--- START ---

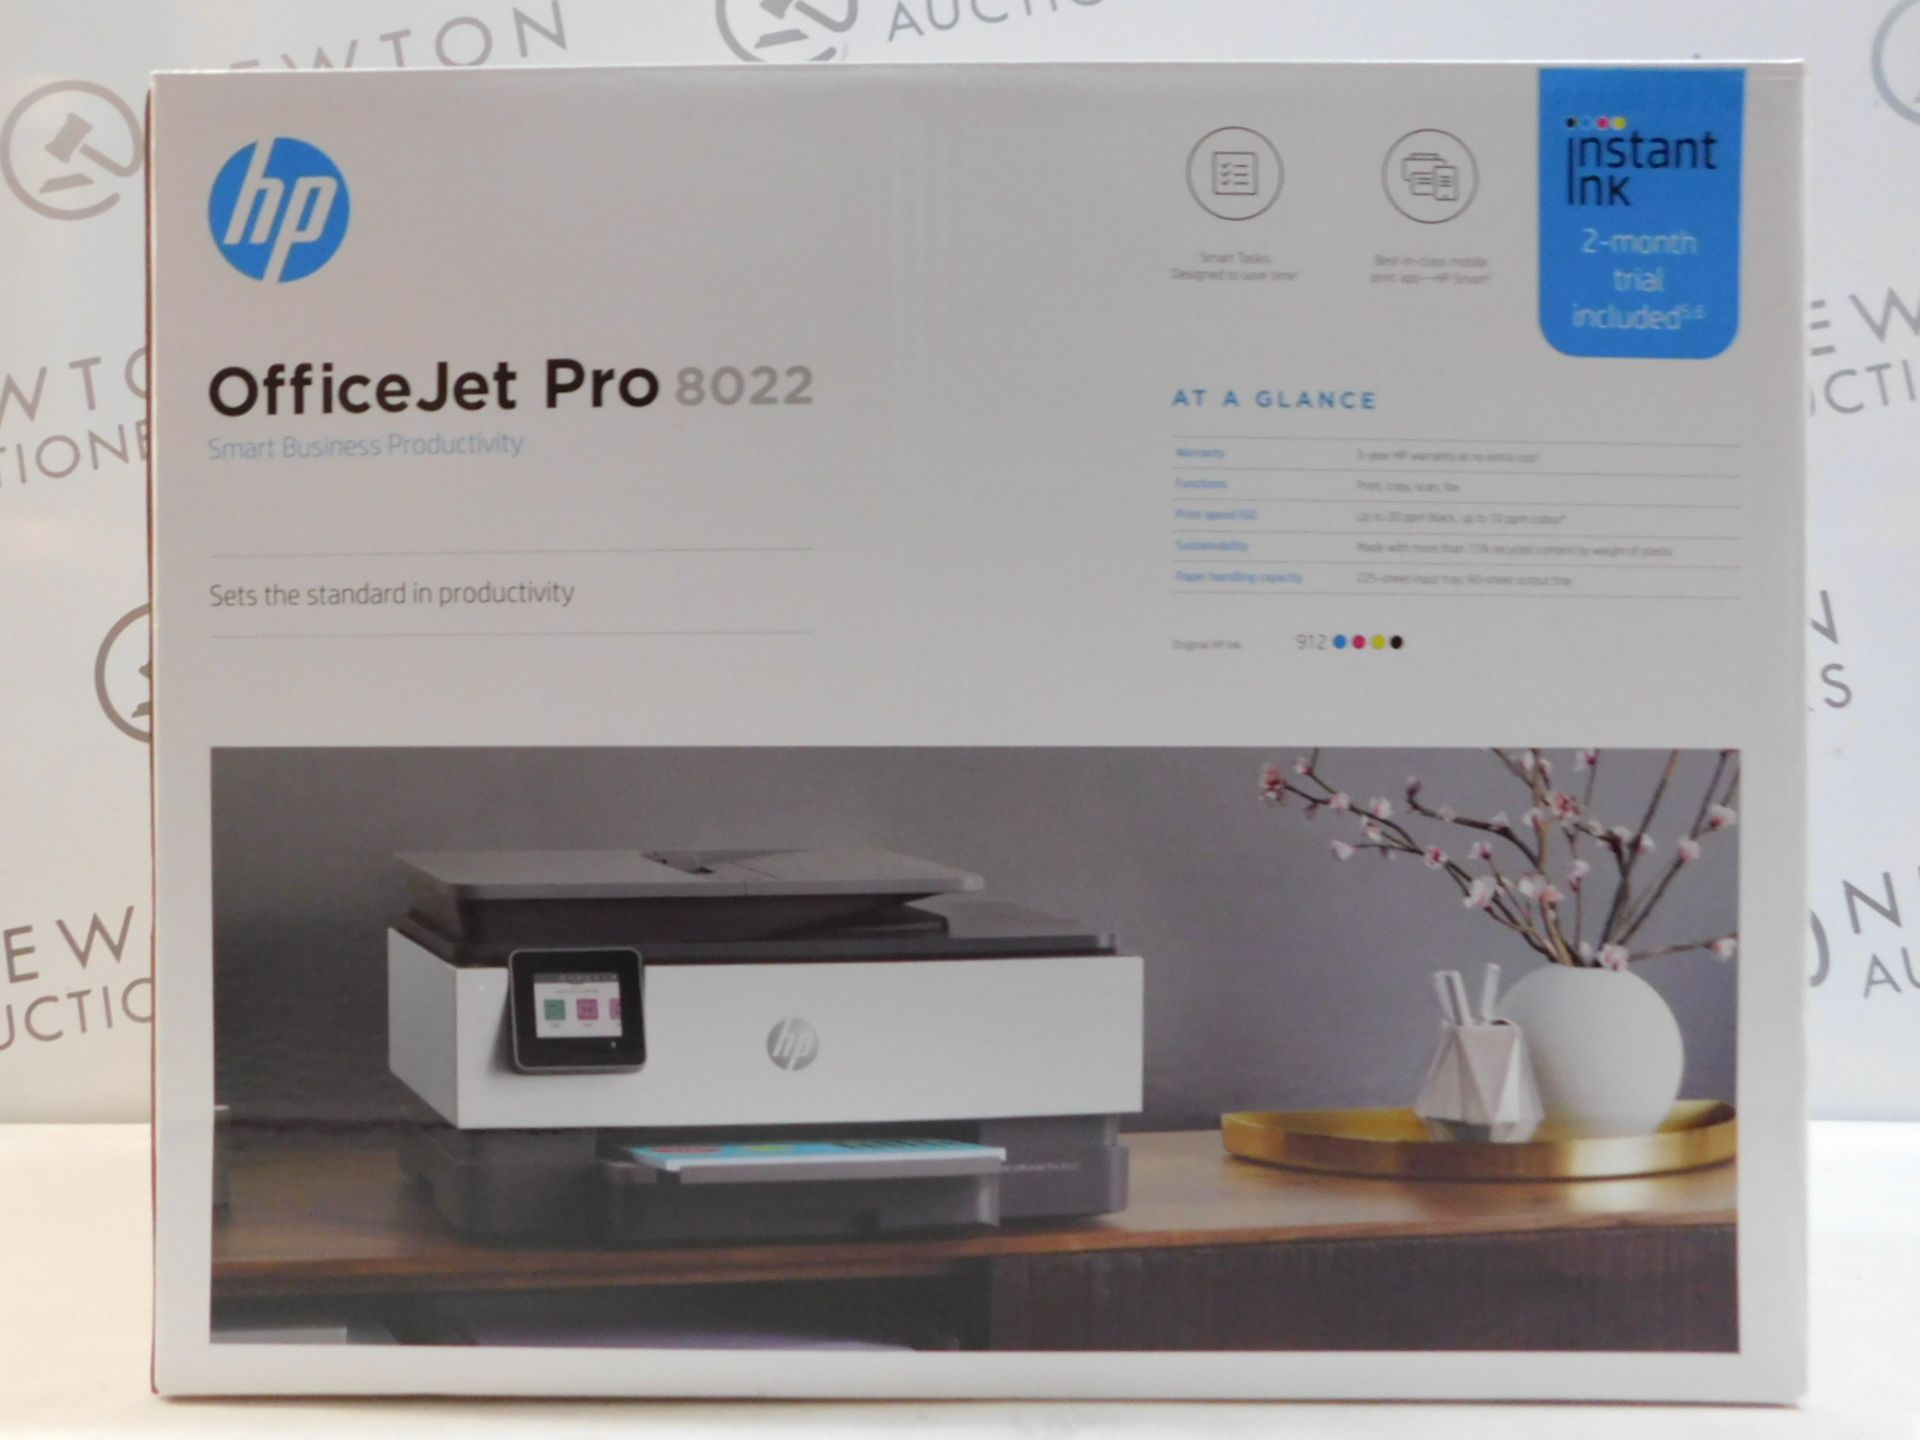 1 BOXED HP OFFICEJET PRO 8022 ALL-IN-ONE INKJET PRINTER RRP £149
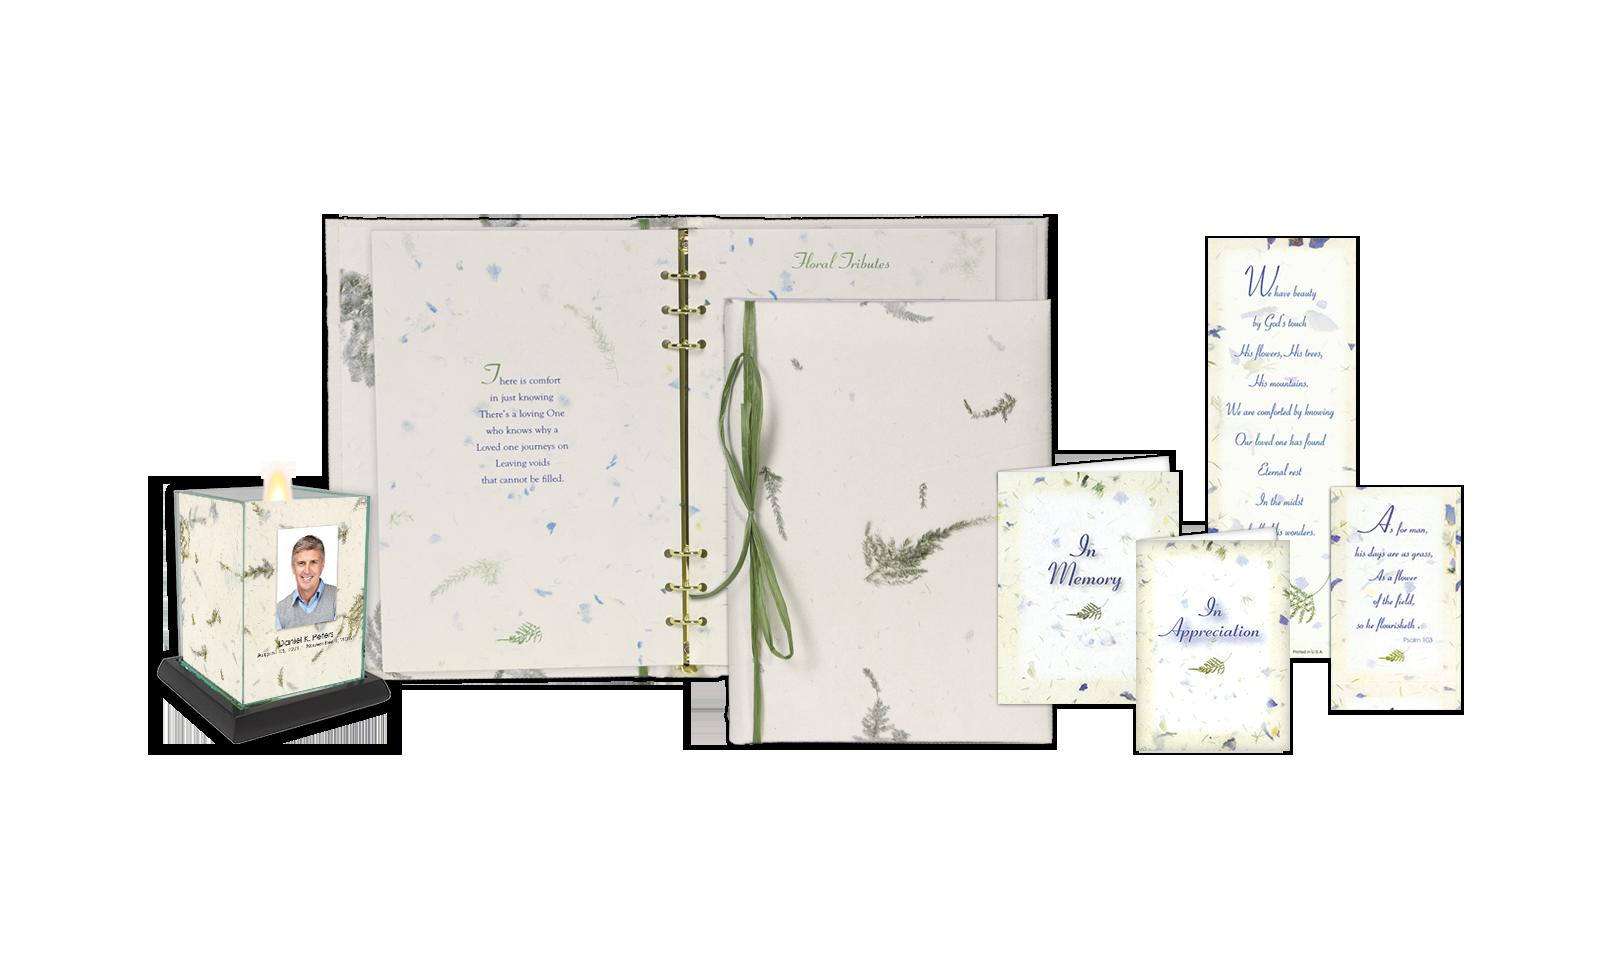 ROL Handmade Fern Paper Series 248 HM
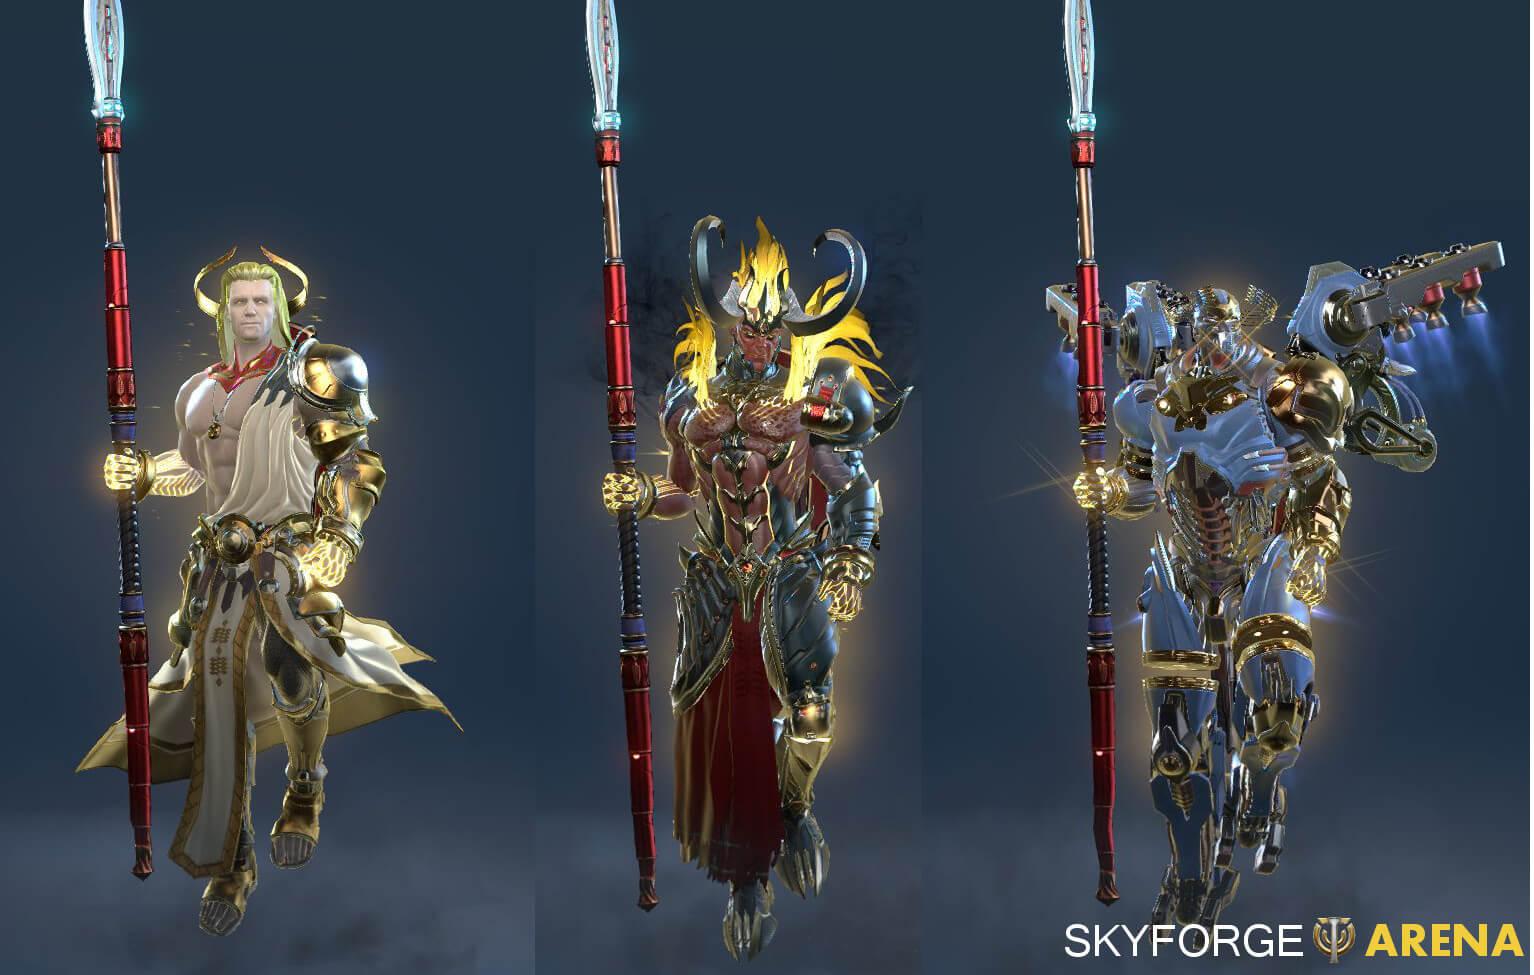 Becoming a God in Skyforge | Skyforge Arena
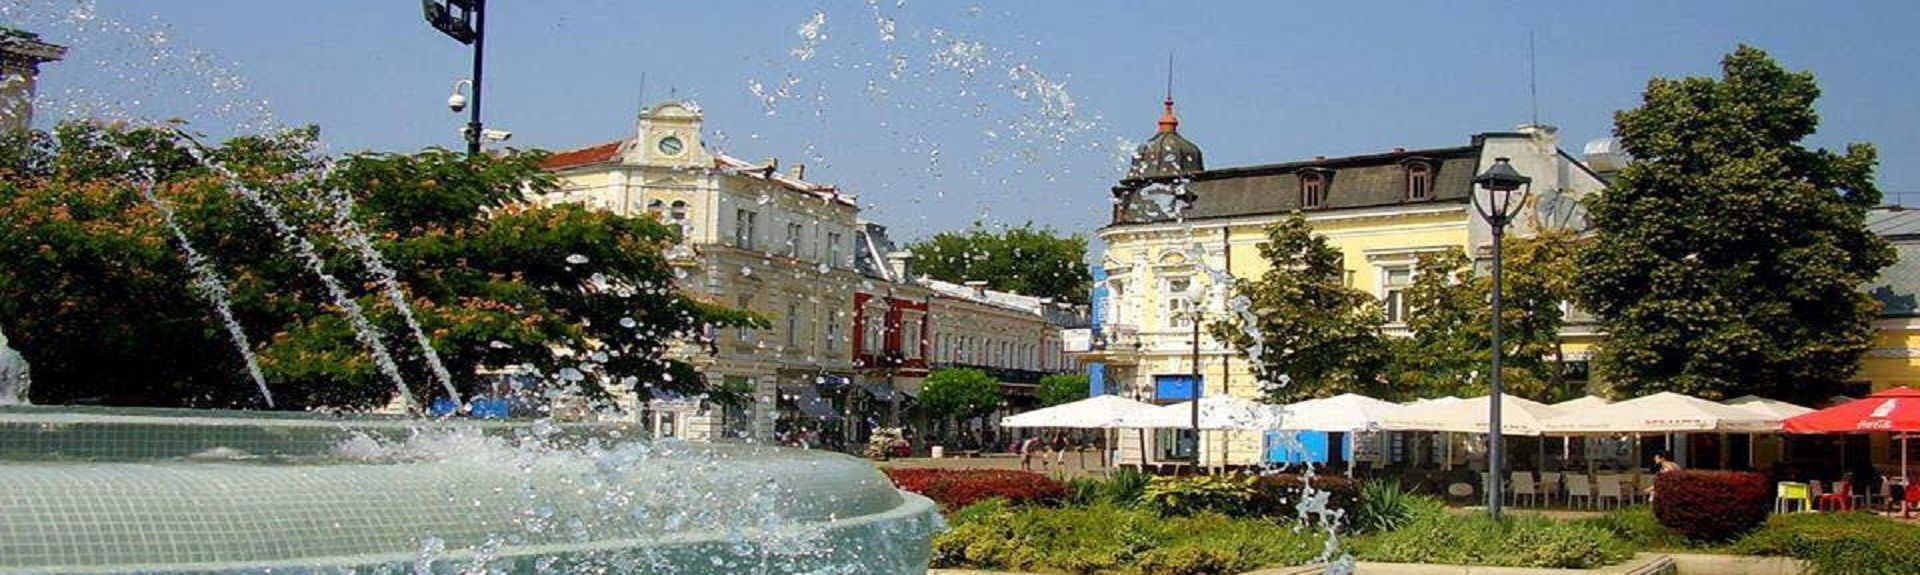 Pantheon of National Revival Heroes, Ruse, Bulgaria

--- END ---

◆ **ABOUT THIS TASK**
All of the data above needs to be retyped exactly, with the pictures removed.

◆ **TASK ANSWER**
 1 BOXED HP OFFICEJET PRO 8022 ALL-IN-ONE INKJET PRINTER RRP £149
 ROL Handmade Fern Paper Series 248 HM
 Becoming a God in Skyforge | Skyforge Arena
 Pantheon of National Revival Heroes, Ruse, Bulgaria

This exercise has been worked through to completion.